[Try it]
Skip all pictures. Write out the data below from its first line through the line that contains "Lets Express 67.1 as afraction".

[Data excerpt]

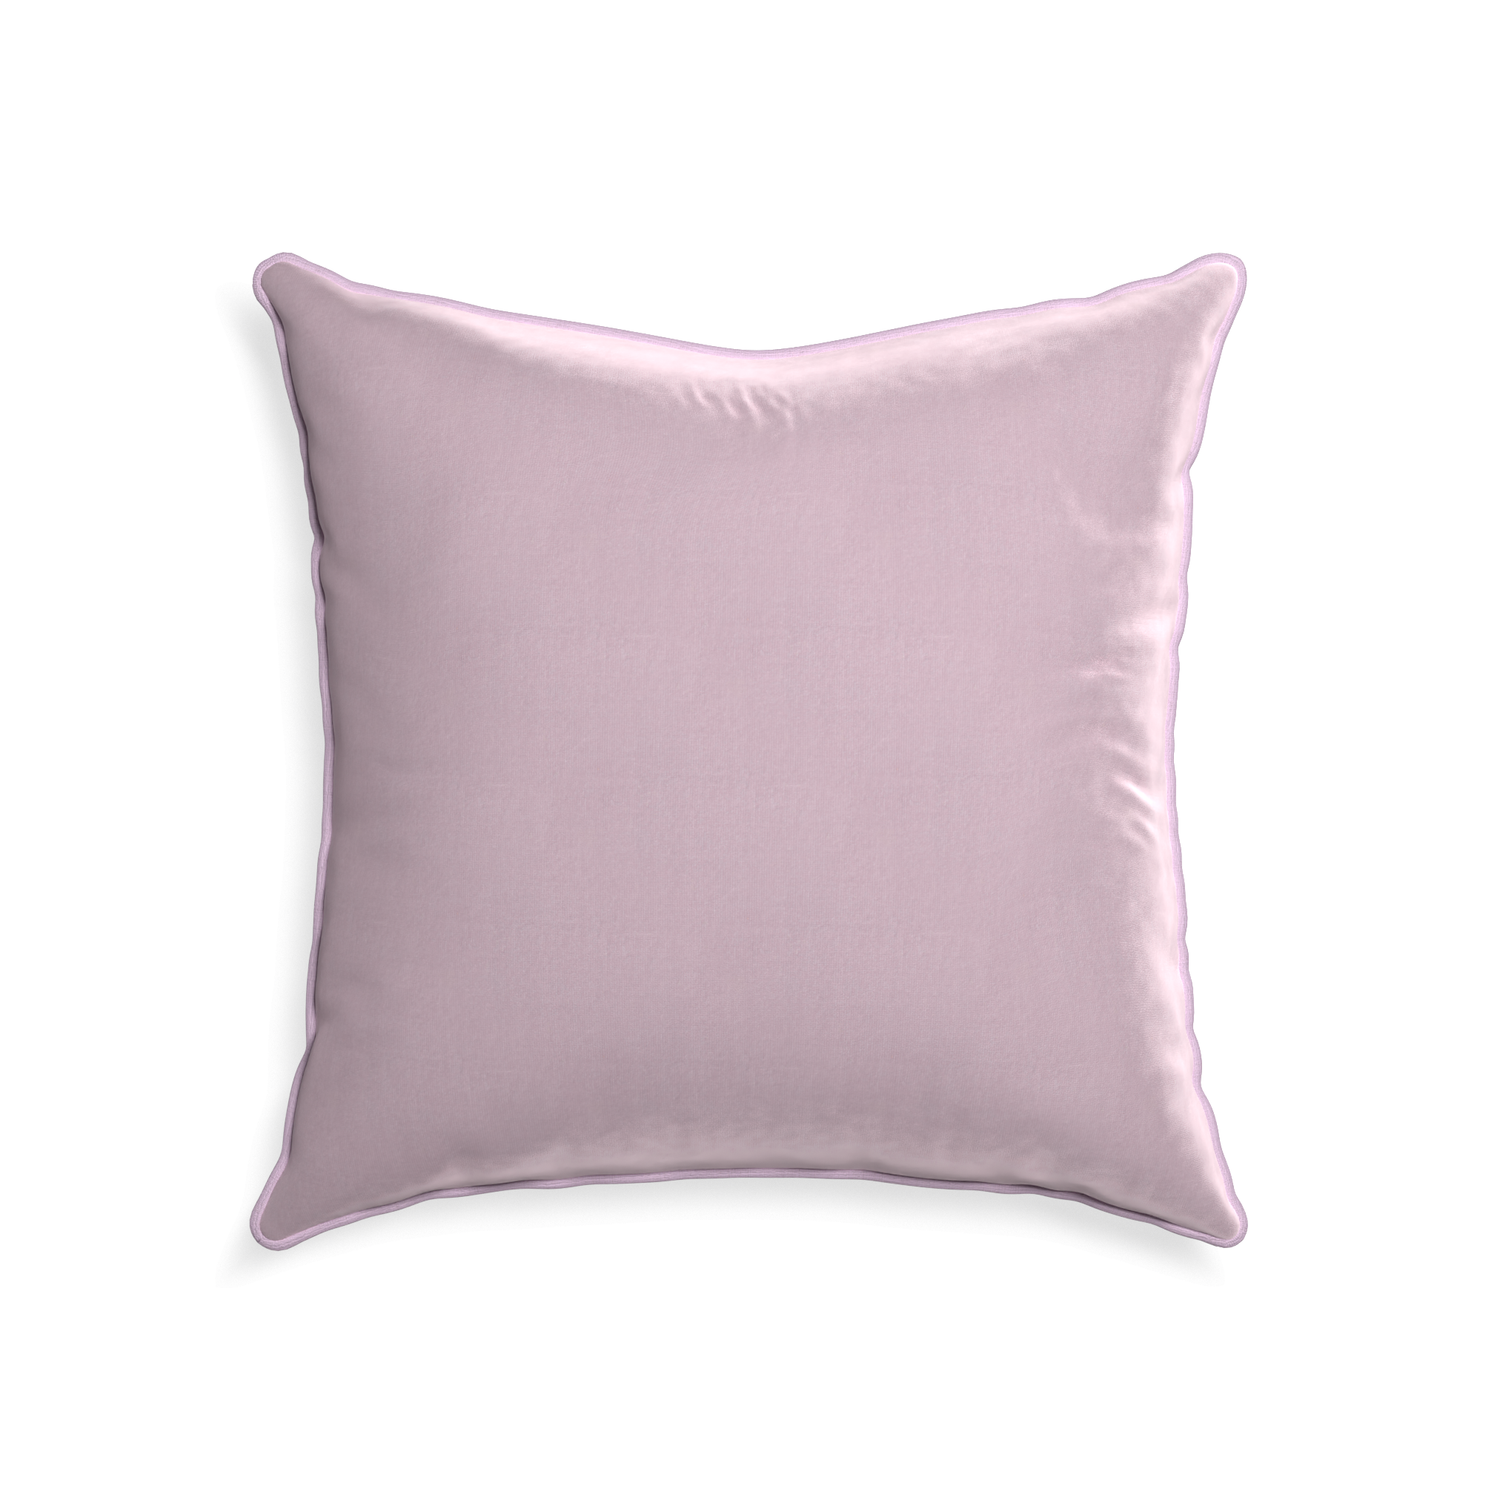 22-square lilac velvet custom lilacpillow with l piping on white background
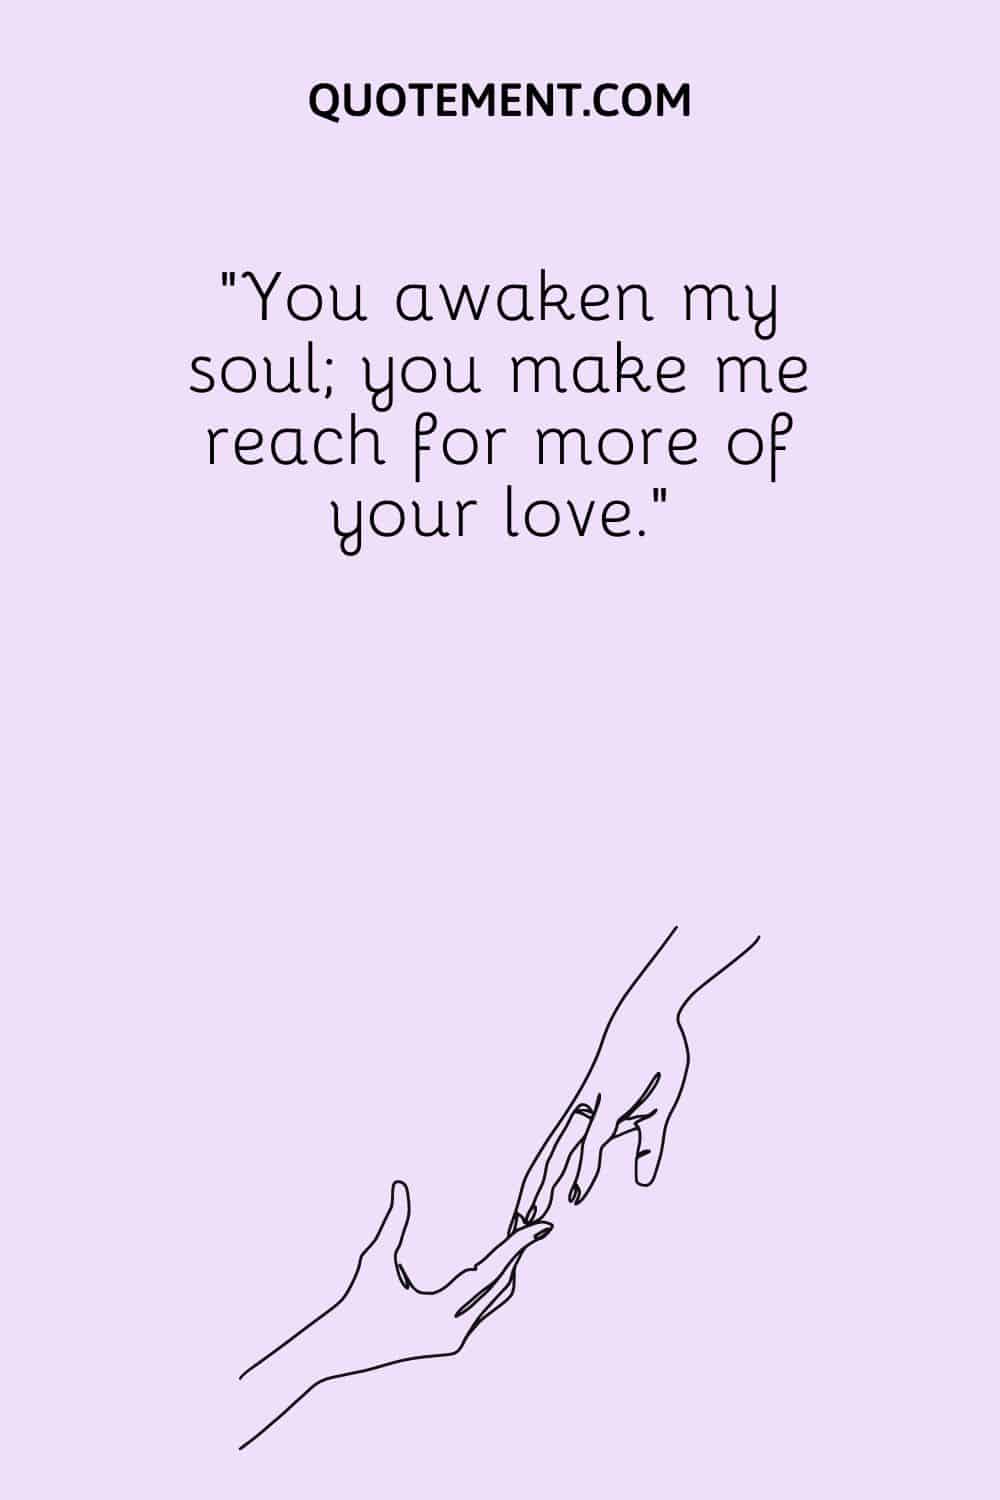 You awaken my soul; you make me reach for more of your love
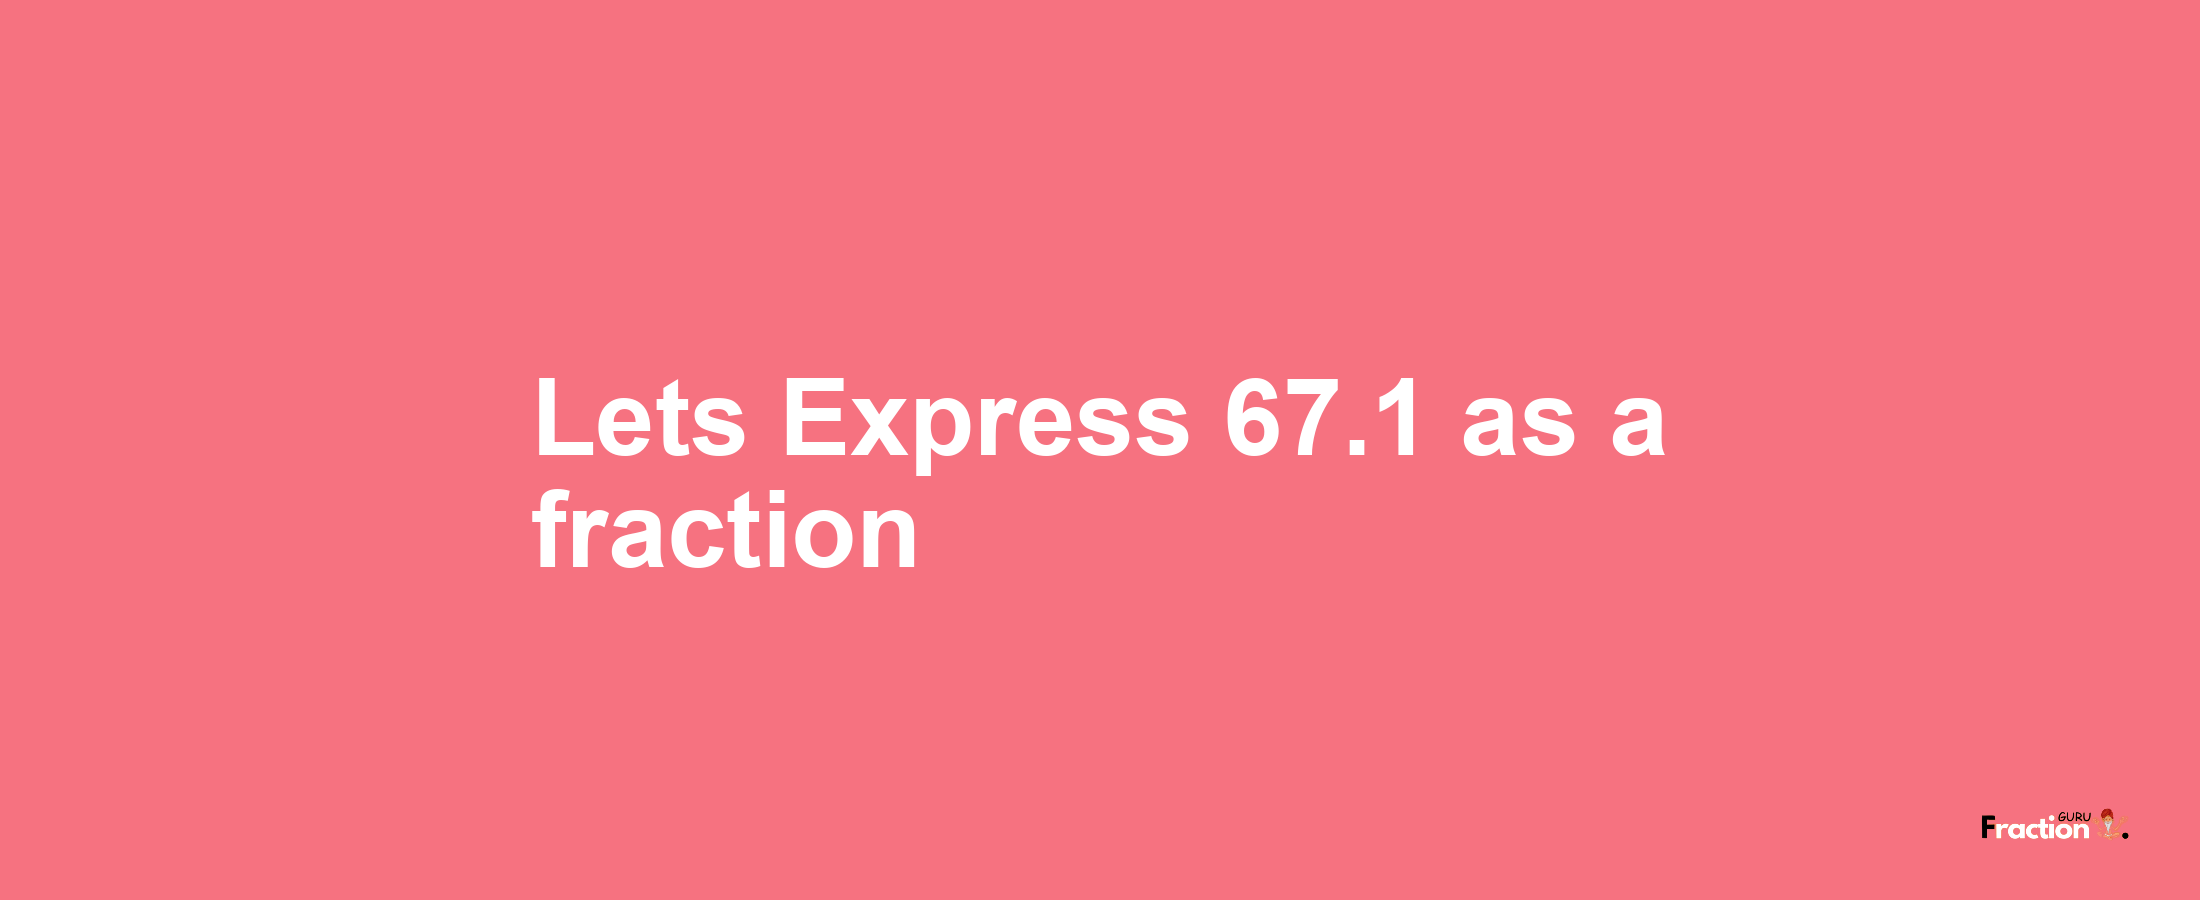 Lets Express 67.1 as afraction
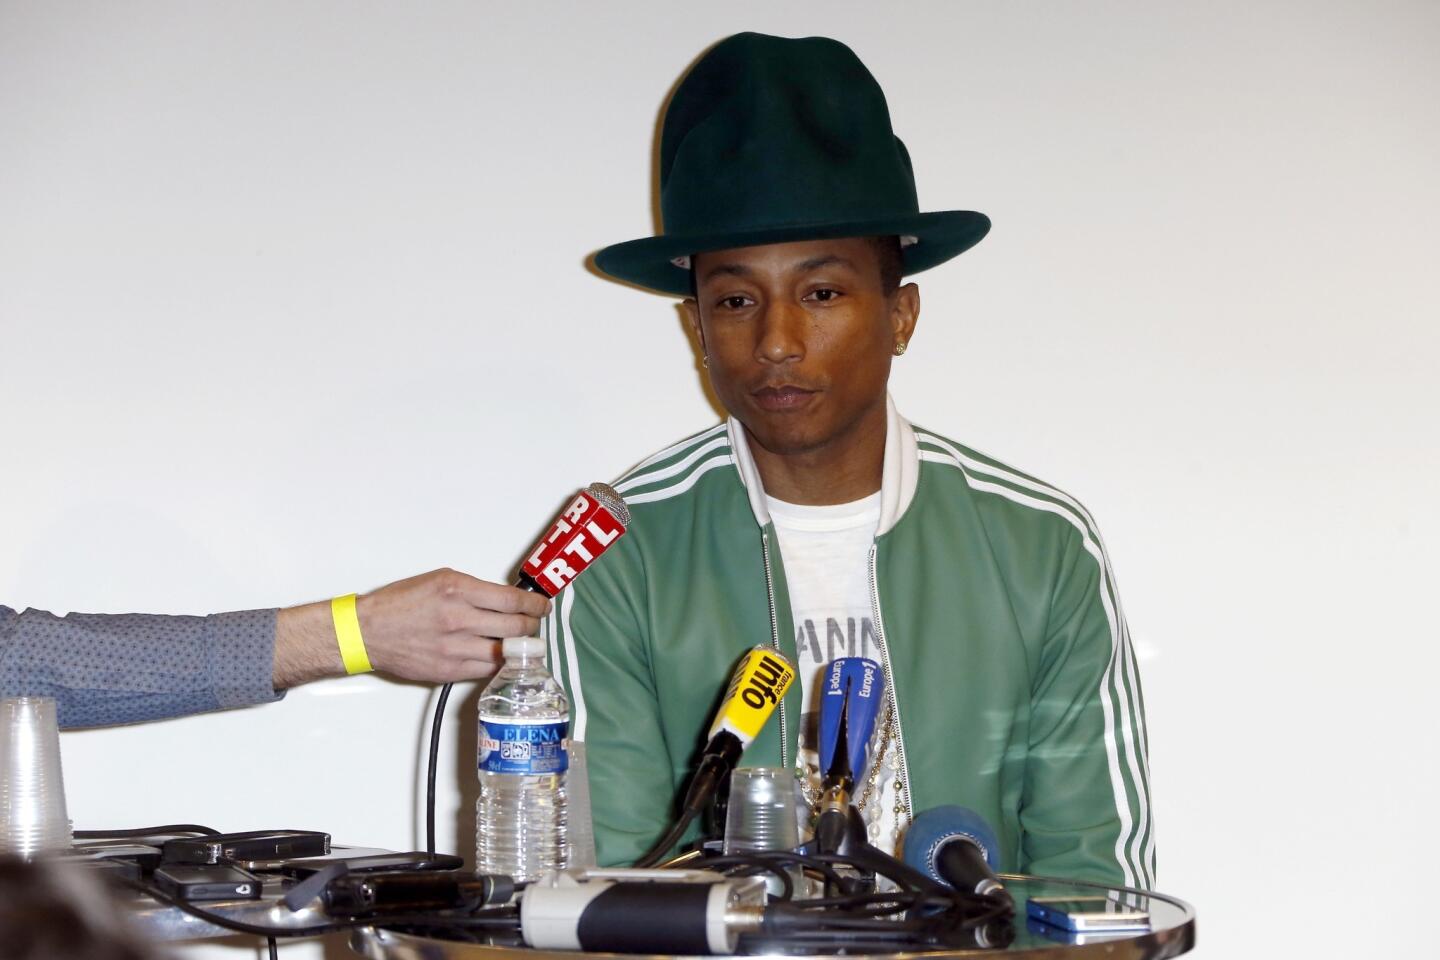 Pharrell Williams' quest for total domination of pop, and our hearts, continues with the singer-producer's announcement that he'll release his first album in nearly eight years, "G I R L," on March 3. If the album sounds anything like his gleeful clap-along "Happy" -- which might score him an Oscar -- or his slinky Grammy-winning work with Daft Punk (the robotic French duo also appear on the record), the soundtrack of this summer has just arrived.

[Solution to the problem]
 22-square lilac velvet custom lilacpillow with l piping on white background
 You awaken my soul; you make me reach for more of your love
 Lets Express 67.1 as afraction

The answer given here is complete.